Ao focarem na base da pirâmide, sem deixar o topo, as multinacionais espelham, na verdade, o que as urnas vêm mostrando neste mês de outubro: existem dois Brasis ? o do Centro-Oeste, Sudeste e Sul e outro no Norte e Nordeste. Dito na linguagem do consumidor de baixa renda, existe o Brasil do Alckmin e o do Lula. E as empresas querem vender para os dois. O do Lula, aprovado por 49% dos eleitores, vive, em boa parte dos casos, do salário mínimo e do Bolsa Família. Estes talvez sejam os grandes responsáveis pela explosão do consumo popular. O aumento recorde do salário mínimo e a inclusão de mais de três milhões de famílias no programa de transferência de renda do governo forraram um pouco mais o bolso do brasileiro. Dados da recém-divulgada Pesquisa Nacional por Amostra de Domicílio (PNAD) de 2005 revelam aumento de 4,6% na renda média real do trabalhador. E, segundo o IBGE, de 2004 para 2005, os 50% ?ocupados? com as menores remunerações tiveram ganho real de 6,6%. Multiplique o ganho real por milhões de brasileiros e entenda por que o mercado de produtos voltados à classes C,D e E deverá ?crescer? R$ 12 bilhões neste ano em comparação a 2005.

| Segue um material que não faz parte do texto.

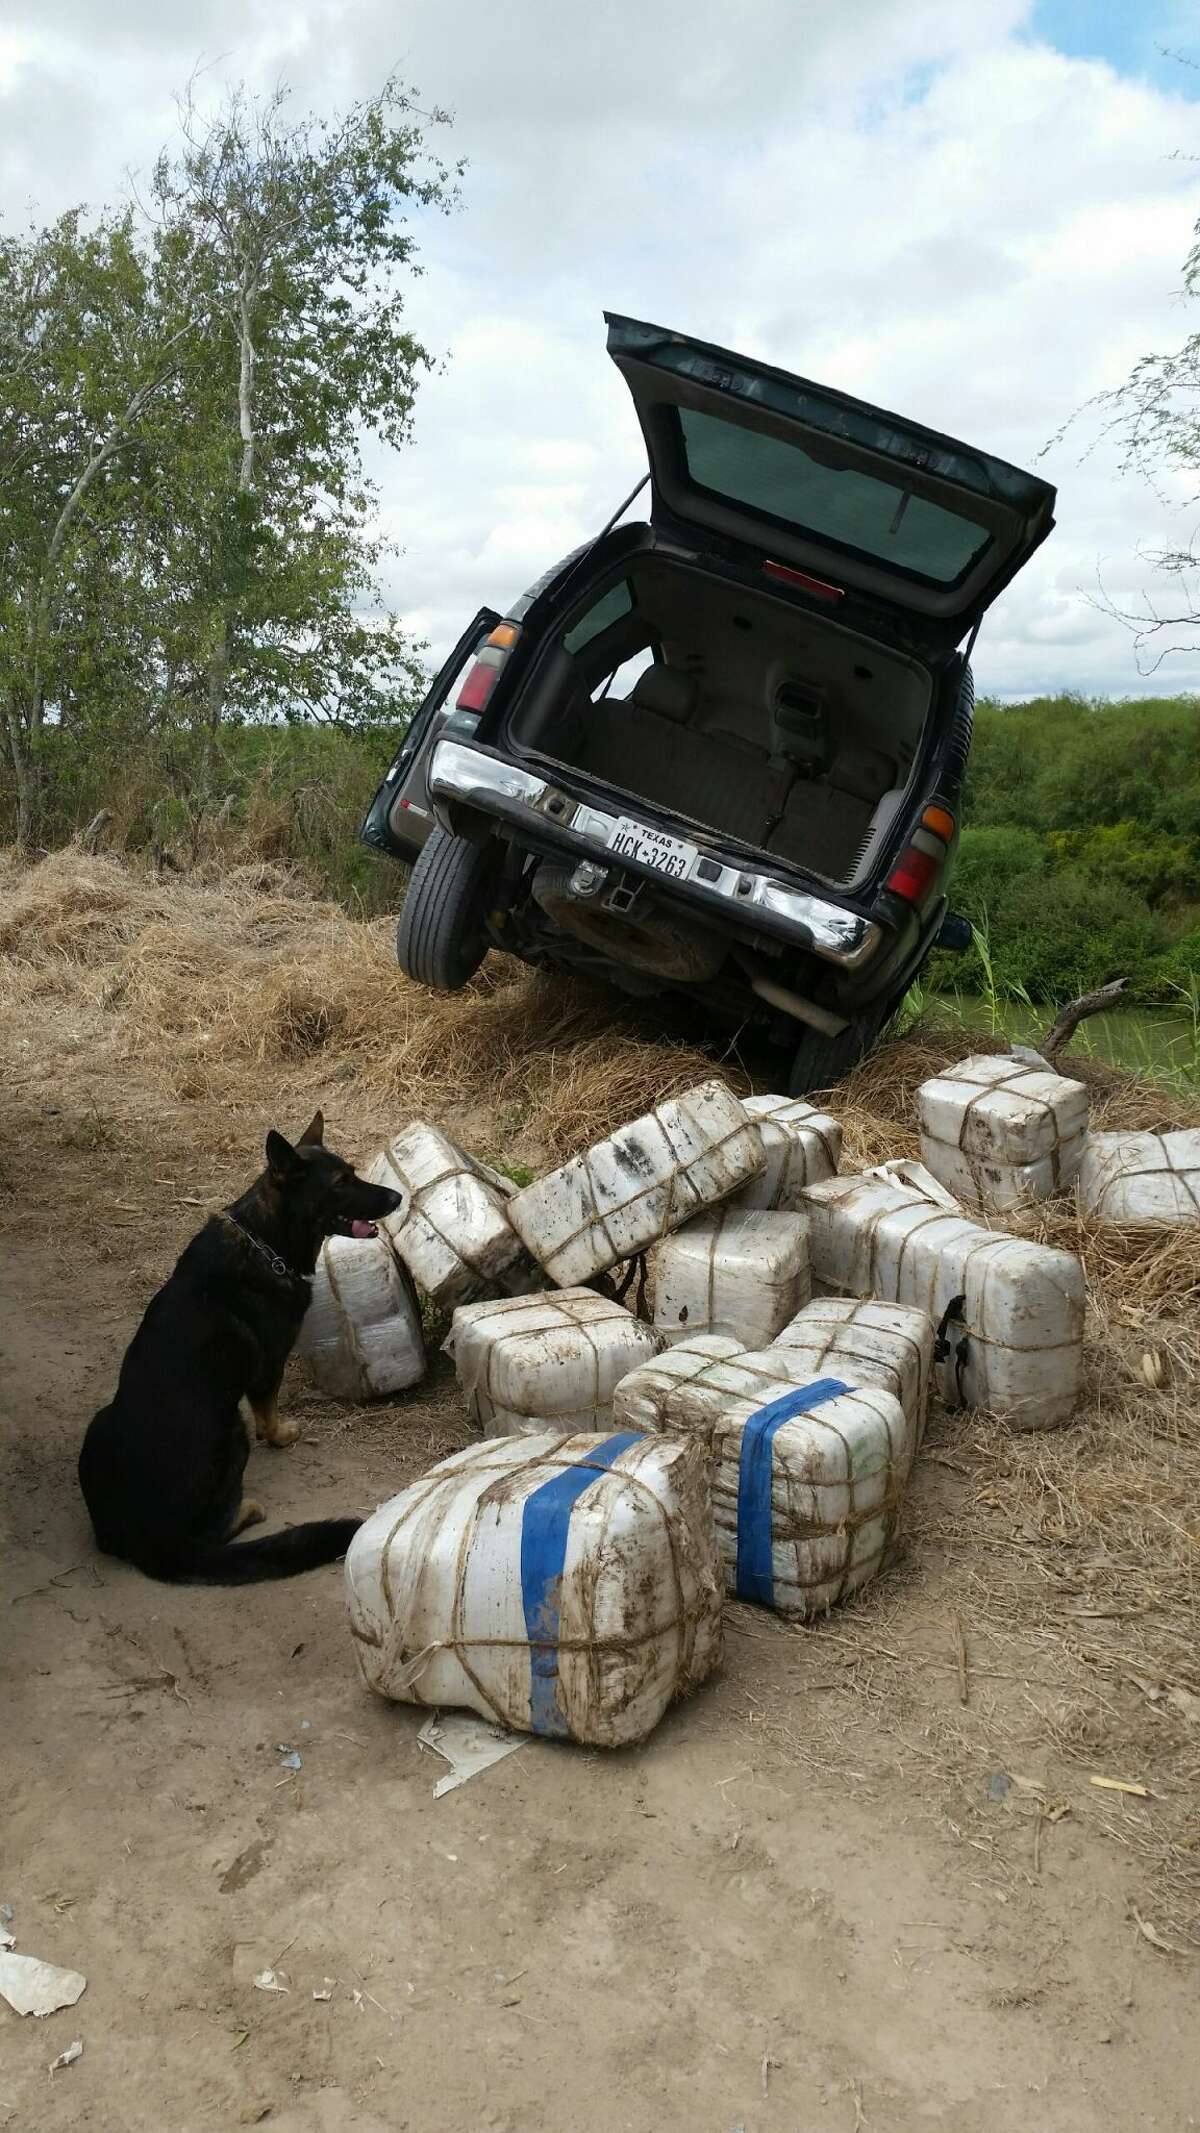 The driver and passengers of this SUV allegedly tried swimming back to Mexico after crashing the drug laden vehicle into the Rio Grande, US Customs Border Protection agents say.

É nesse efeito Lula que a indústria está de olho. E agora com a vantagem de conhecer melhor o chão em que está pisando. ?Antes, a maioria das empresas acreditava que era só desenvolver um produto mais baratinho para conquistar o coração da dona-de-casa de baixa renda?, diz Renato Meirelles, diretor do Data Popular. ?Mas esses consumidores são mais fiéis à determinada marca ou fabricante do que os de classes mais altas.? O fenômeno tem uma explicação simples: com o orçamento apertado, a dona-de-casa das classes mais baixas não pode errar. E em algumas categorias ela faz questão de ter a marca líder ou pelo menos uma submarca da empresa líder. A Unilever foi uma das primeiras a detectar que sua força no segmento de sabão em pó também era sentida pela base da pirâmide. A fabricante do OMO decidiu criar, principalmente para a região Nordeste (a mais beneficiada pelos programas de renda do governo), a marca ALA. Com quatro anos de mercado, ela se tornou a líder de vendas na categoria popular. ?Fizemos pesquisas locais para desenvolver esse produto. As consumidoras pediam um sabão em pó que rendesse mais, com um bom perfume e uma embalagem resistente?, conta Adriana Muratore, gerente da Unilever. A última exigência, a da embalagem resistente, tem uma explicação: nos bairros mais carentes muitas donas-de-casa lavam suas roupas à beira do rio. E o pacote de sabão, invariavelmente, cai na água. O tradicional papelão, portanto, não resistia à prática e foi substituído por um invólucro de plástico. Outra medida foi distribuir o produto por meio de Kombis ?envelopadas? com o logotipo do ALA. Foi o marketing perfeito para uma população acostumada a comprar produtos de limpeza na caminhonete de um vendedor autônomo. Além disso, com as Kombis, a Unilever leva seus produtos a regiões de difícil acesso para veículos maiores.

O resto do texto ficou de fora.